See the DrugPatentWatch profile for Dupixent

Dupixent is indicated for the treatment of moderate-to-severe atopic dermatitis in patients aged 6 months and older whose disease is not adequately controlled by topical therapies or when those therapies are not advisable [1]. It is also approved for use in other conditions, including moderate-to-severe asthma, and chronic rhinosinusitis with nasal polyposis [2]. The drug is administered as a subcutaneous injection [1].

What is Dupixent's mechanism of action?


Dupixent, with the active ingredient dupilumab, is a monoclonal antibody that inhibits the signaling of interleukin-4 (IL-4) and interleukin-13 (IL-13) [1]. These cytokines are key drivers of Type 2 inflammation, which plays a significant role in diseases like atopic dermatitis and asthma [2]. By blocking the shared IL-4 receptor alpha (IL-4Rα) pathway, Dupixent reduces inflammation [1].

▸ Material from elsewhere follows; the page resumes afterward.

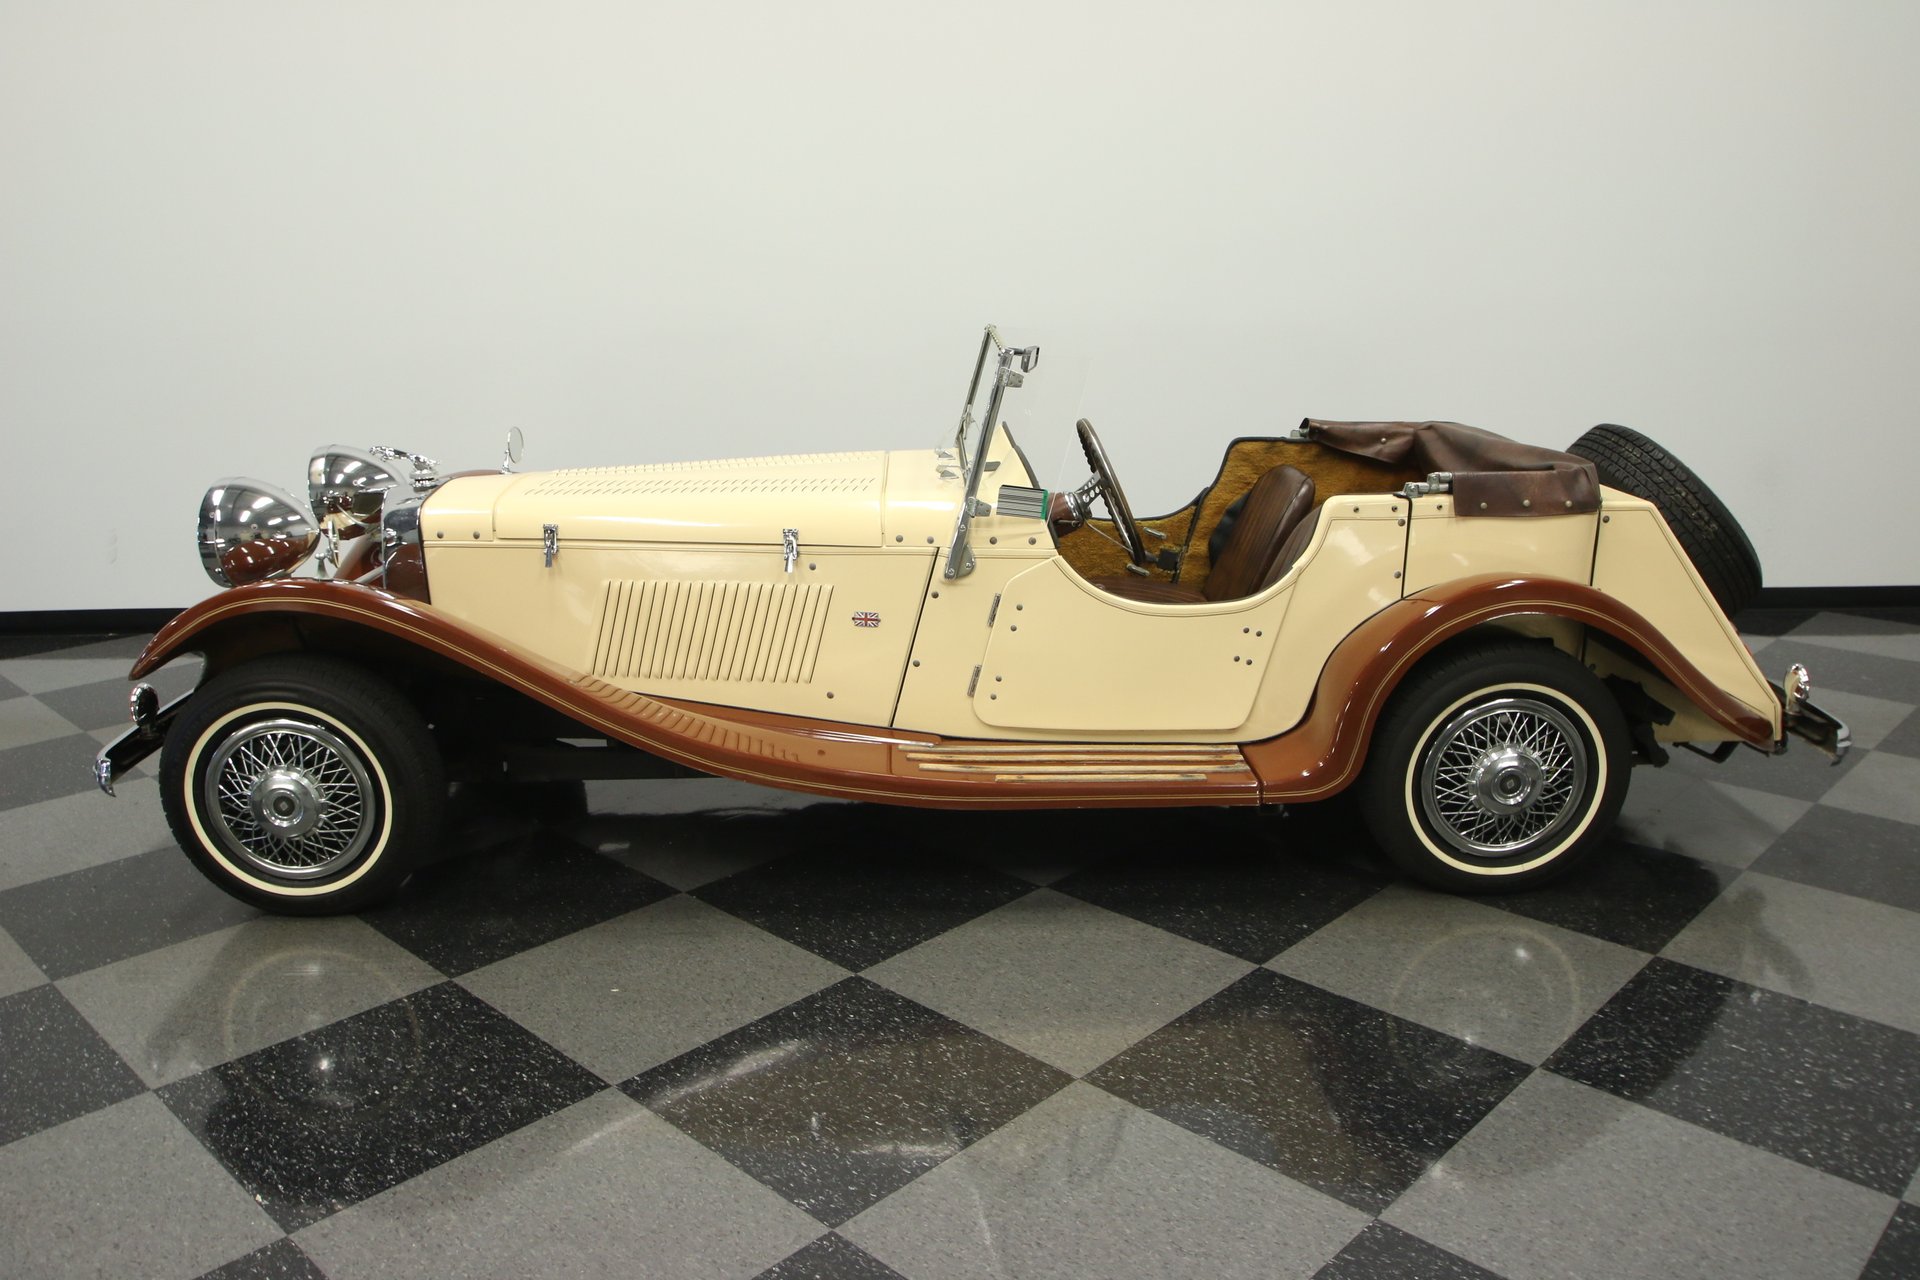 1937 Jaguar SS100 roadster replica double sided 8 1/2x11inch.color picture $7.00 
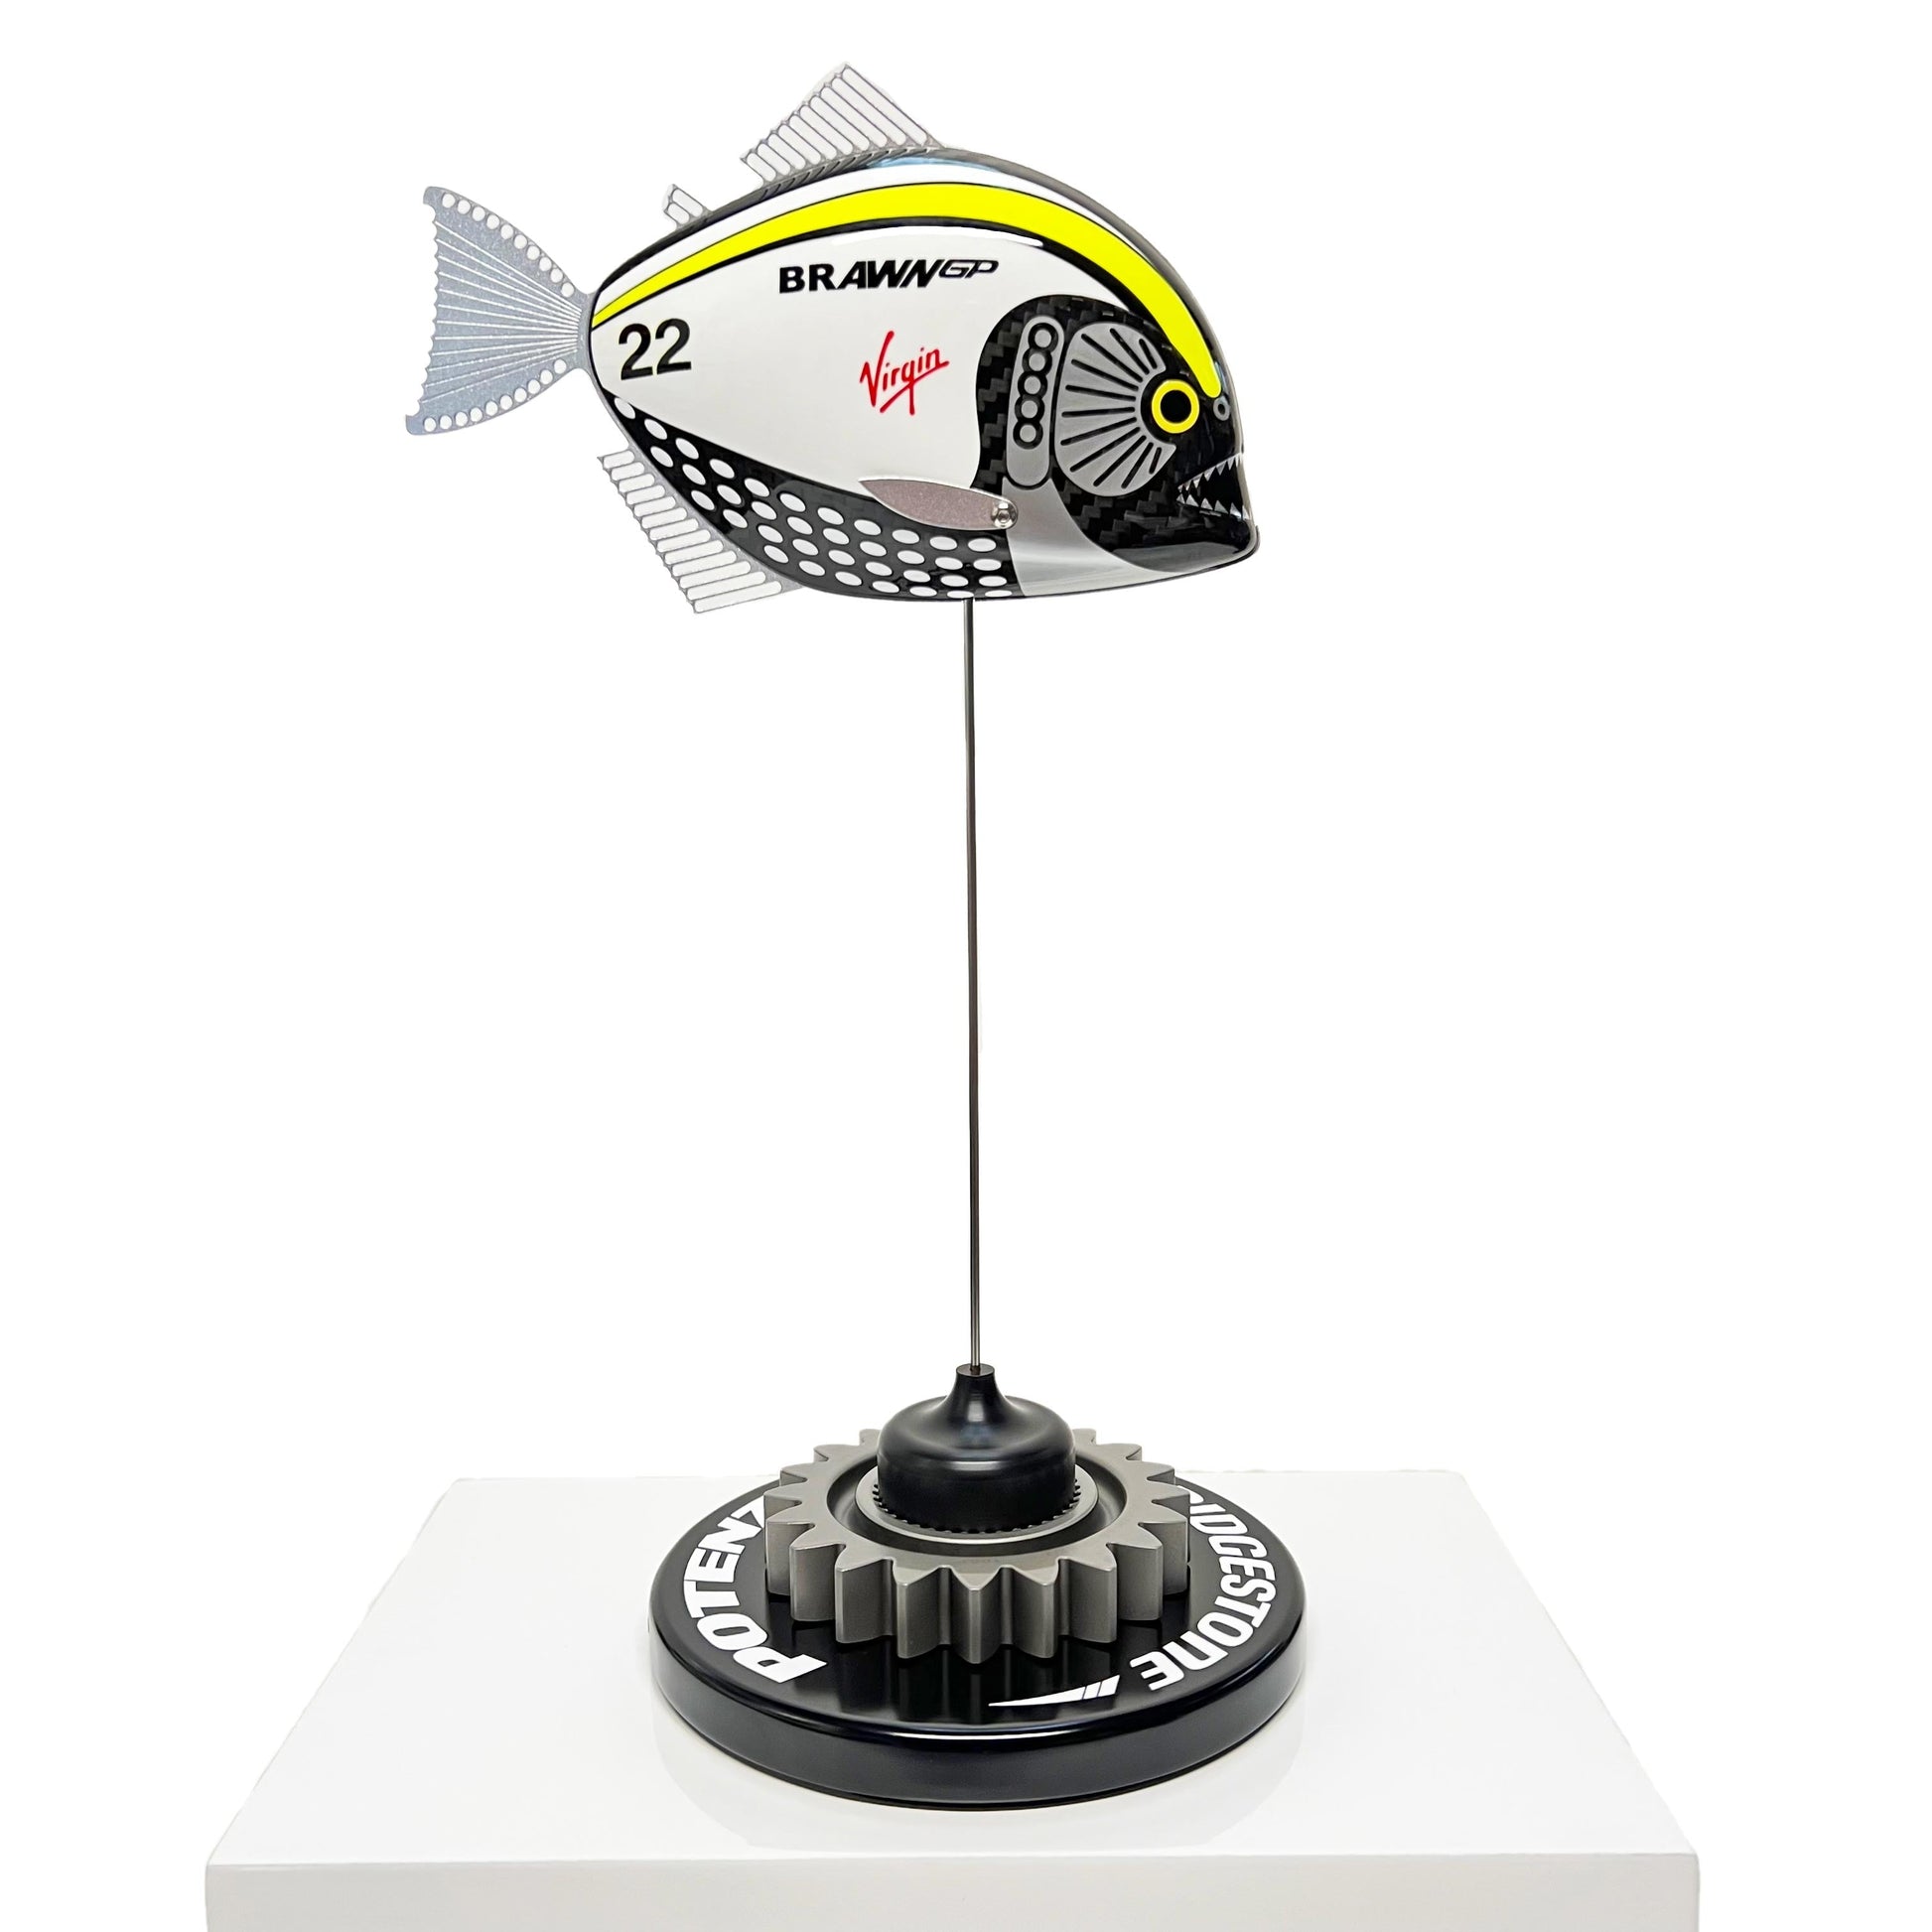 Carbon fibre piranha sculpture with Brawn GP livery on a black base with F1 gear

How is Dupixent administered and what is the typical dosage?


For moderate-to-severe atopic dermatitis in patients 6 months and older, the initial dose of Dupixent is 600 mg (two 300 mg injections). Following the initial dose, the recommended maintenance dose is 300 mg every other week [1]. For patients under 15 years of age or weighing less than 60 kg, a 300 mg dose is administered every other week, which may be adjusted to every 4 weeks after achieving disease control [1]. For asthma and chronic rhinosinusitis with nasal polyposis, dosages and administration schedules may differ [2].

What are the common side effects associated with Dupixent?


Common side effects reported in clinical trials for Dupixent include injection site reactions, such as redness, itching, and swelling. Other reported side effects are inflammation of the eye and eyelids (conjunctivitis and blepharitis), cold sores in the mouth (oral herpes), and increased eosinophil counts in the blood [1].

When does Dupixent's patent protection expire?


Drug patent information can be complex and may involve multiple patents covering different aspects of a drug, such as formulation, method of use, or manufacturing. Information on patent expiry dates for Dupixent can be found through resources like DrugPatentWatch.com [3].

Are there alternative treatments for moderate-to-severe atopic dermatitis?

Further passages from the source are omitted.